You already have divided your function iter_append into parts marked by comments. Break down your function into smaller parts and see which one is consuming the most time/memory. You can do that quick and dirty with @time begin ... end. If you have found the lines which consume the most time you can benchmark them separately, best with the package BenchmarkTools and @btime or @benchmark. This helps you write minimal working examples as well. Alternatively, you can use a profiler, e.g. Profile.

3 Likes

In the first line:

tr_all = filter!(row -> !ismissing(fac_treated[!, outcome]), fac_treated)

You take a row argument that you use for nothing. Are you sure this is what you want?

1 Like

Following @Henrique_Becker, I suggest to use the optional column to dropmissing:

tr_all = dropmissing(fac_treated, :outcome)
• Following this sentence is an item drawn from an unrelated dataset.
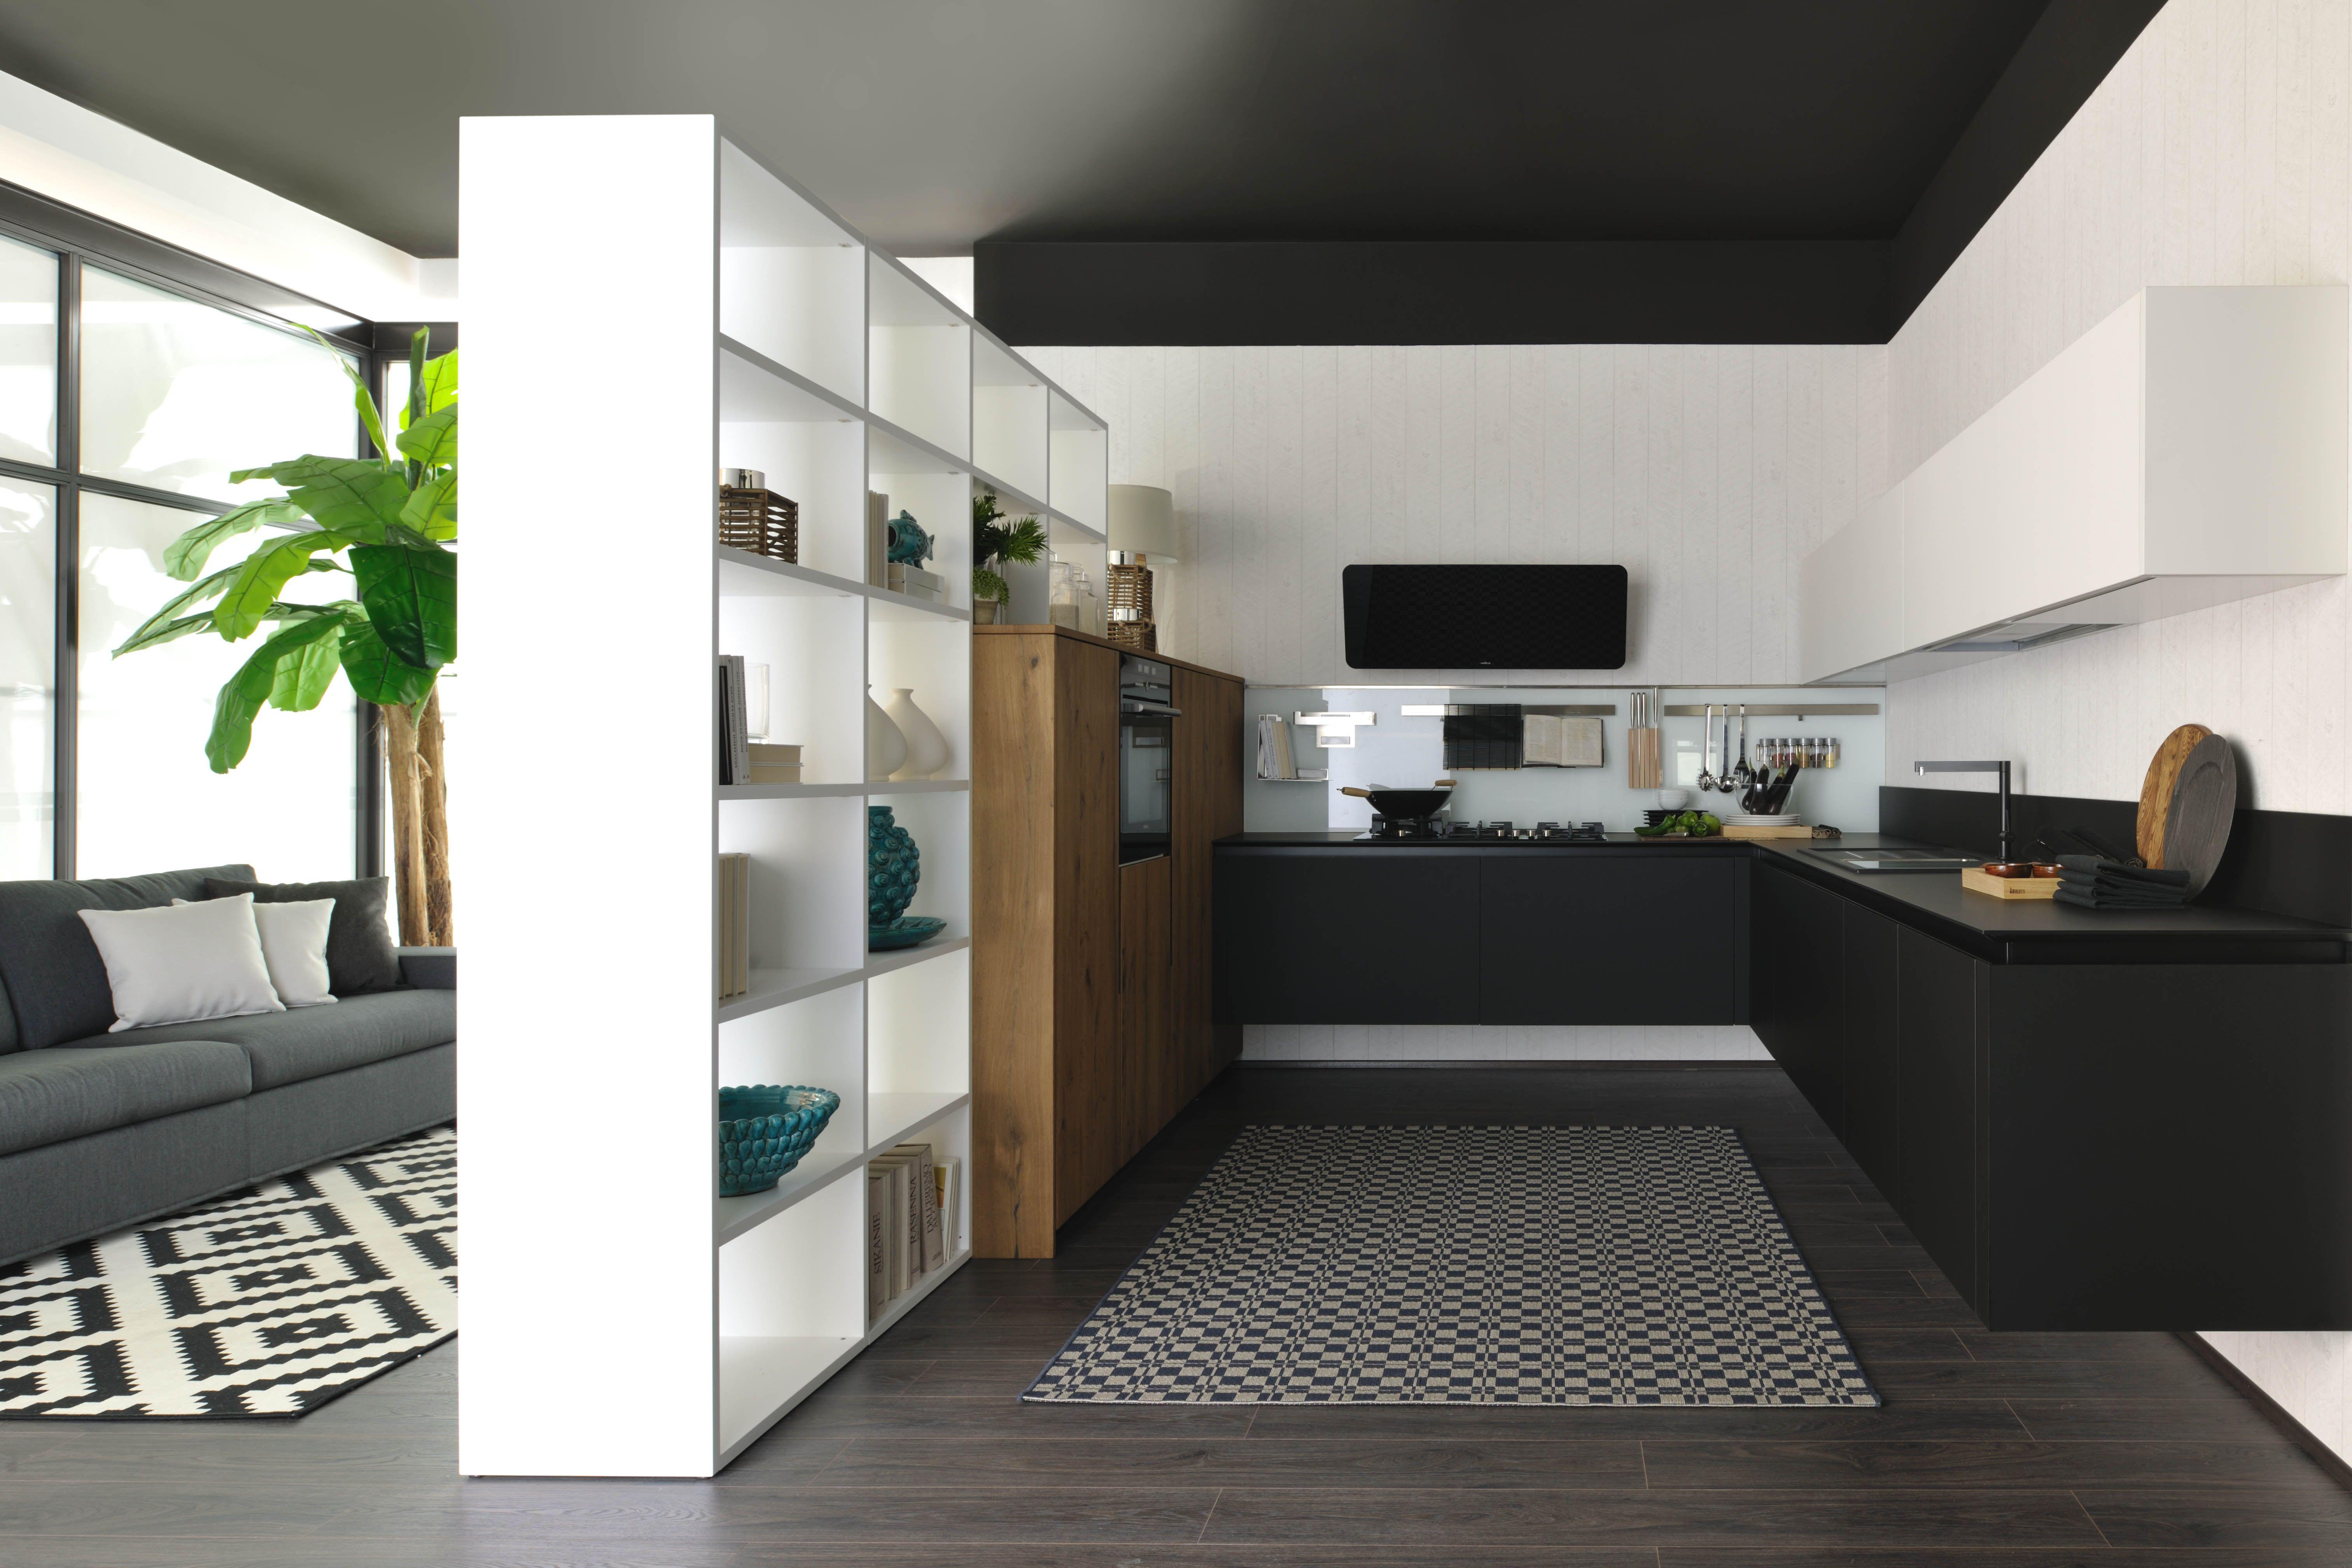 Oltre, the new kitchen concept by Cucine Lube. FENIX NTM Nero Ingo ...

you’re code do the operation for each row, so it is very expensive.
I suggest you to review the DataFrame documentation. For instance, you can obtain the mean (be careful, I did not check it):

base_yr = combine(filter(:ACCPT_ID => ==(fac), tr_all), :T0 => mean)[1,1]
2 Likes

Thanks! @dmolina! That’s very helpful.

I followed your suggestion and also saved dataframe from each iteration in an array and then use vcat( ) to combine them (instead of append in each iteration). The speed is up a lot.